TAPIR is a visualization software for chromatographic data obtained by mass spectrometry. It provides efficient visualization of high-throughput targeted proteomics experiments.
The TAPIR software is a fast and efficient Python visualization software for chromatograms and peaks identified in targeted proteomics experiments. The input formats are open, community-driven standardized data formats (mzML for raw data storage and TraML encoding the hierarchical relationships between transitions, peptides and proteins).
TAPIR is scalable to proteome-wide targeted proteomics studies (as enabled by SWATH-MS), allowing researchers to visualize high-throughput datasets. The framework integrates well with existing automated analysis pipelines and can be extended beyond targeted proteomics to other types of analyses.
Availability and Tutorial
You can download binaries for Mac and Microsoft Windows (64 bit) directly from this website. The source code is available from Github which allows source-based installation. Please follow the instructions found there for manual installation or installation on a Linux system.

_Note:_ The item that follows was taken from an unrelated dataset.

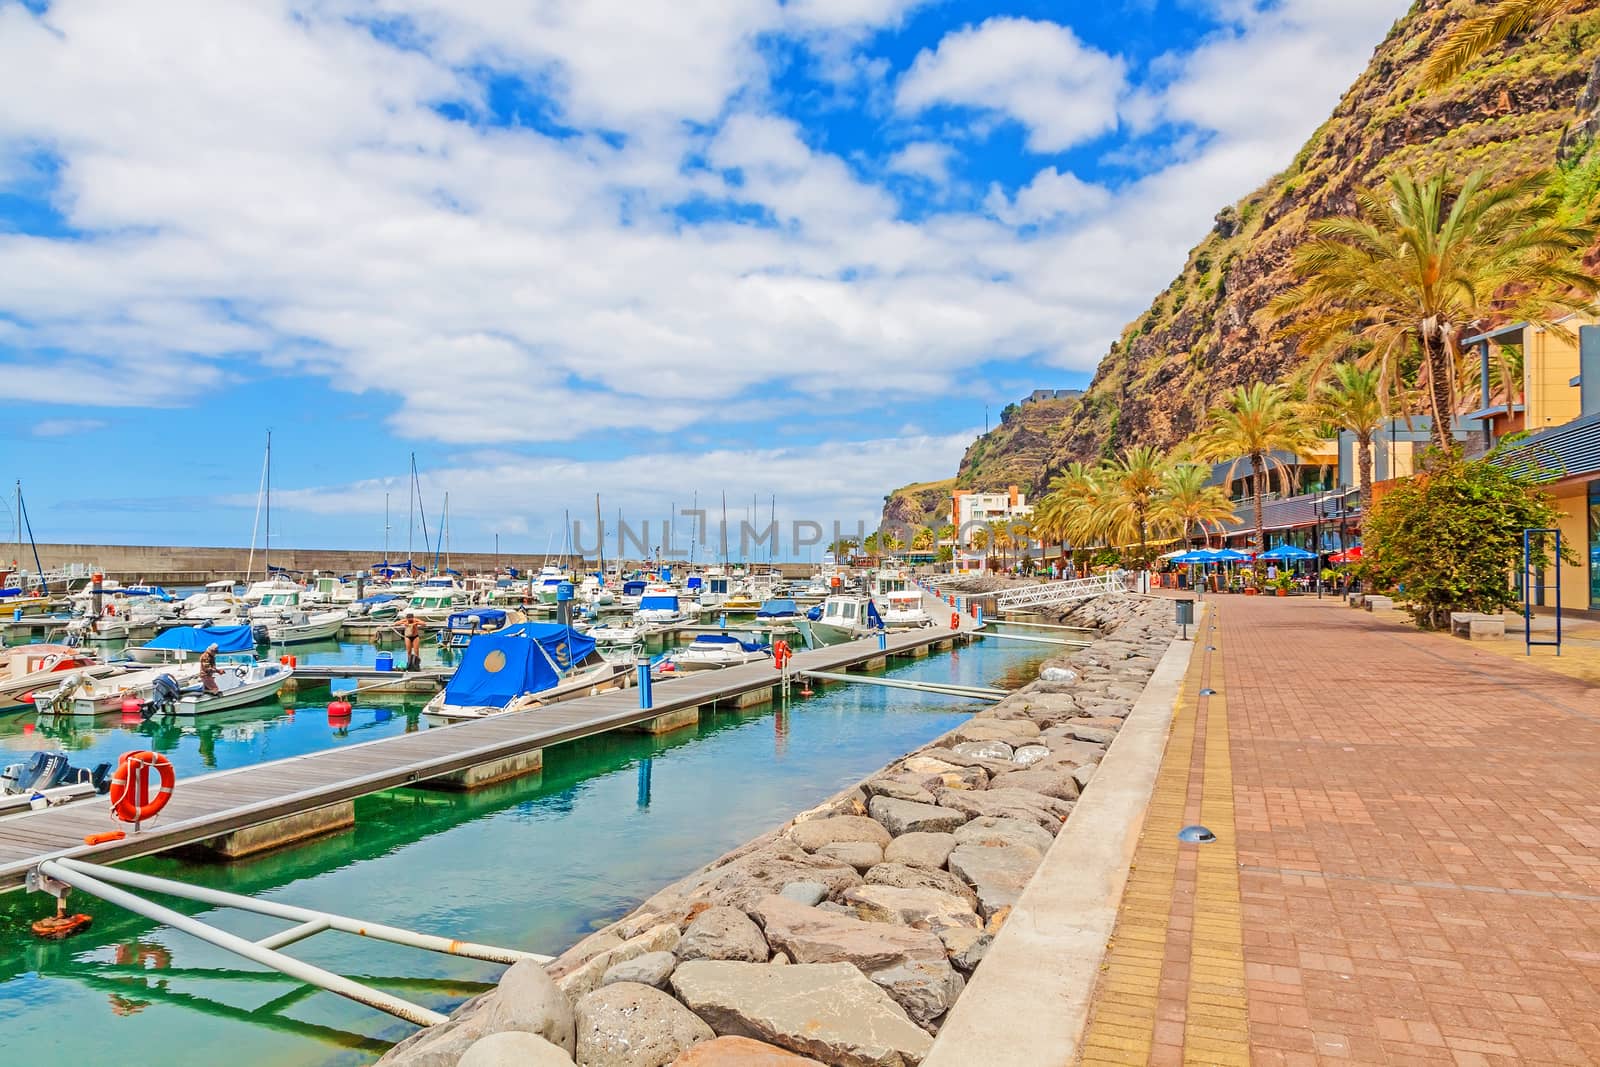 Calheta, Madeira by aldorado

Note: for a successfull installation on Mac OS X, extract the provided file and drag it into the "Applications" folder. You may need to allow execution of the software if you see a warning that TAPIR is from an "unidentified developer". Simply go to System Preferences, click on "Security & Privacy" and in the "General" tab allow the execution of TAPIR.
You can download a small sample dataset here.
A larger, real-life dataset can be obtained by downloading these five files (this might take a while since the whole dataset is ca 5 GB)
This dataset is retrieved from a study published in Rost and Rosenberger et al and the two conditions (0% and 10%) refer to the treatment of S. pyogenes with human plasma. For each condition, two biological replicates are available.
The TAPIR software is highly flexible and interactive, allowing for investigation of single data traces and data points. Each graph item can be selected and inspected individually, allowing for customization of the visualization and production of publication-quality figures. Data can be exported as an image or in table format and used for further analysis; individual traces can be removed or re-added and all graph settings (such as color, line width, line style etc.) are fully customizable. The implementation relies on guiqwt for these features.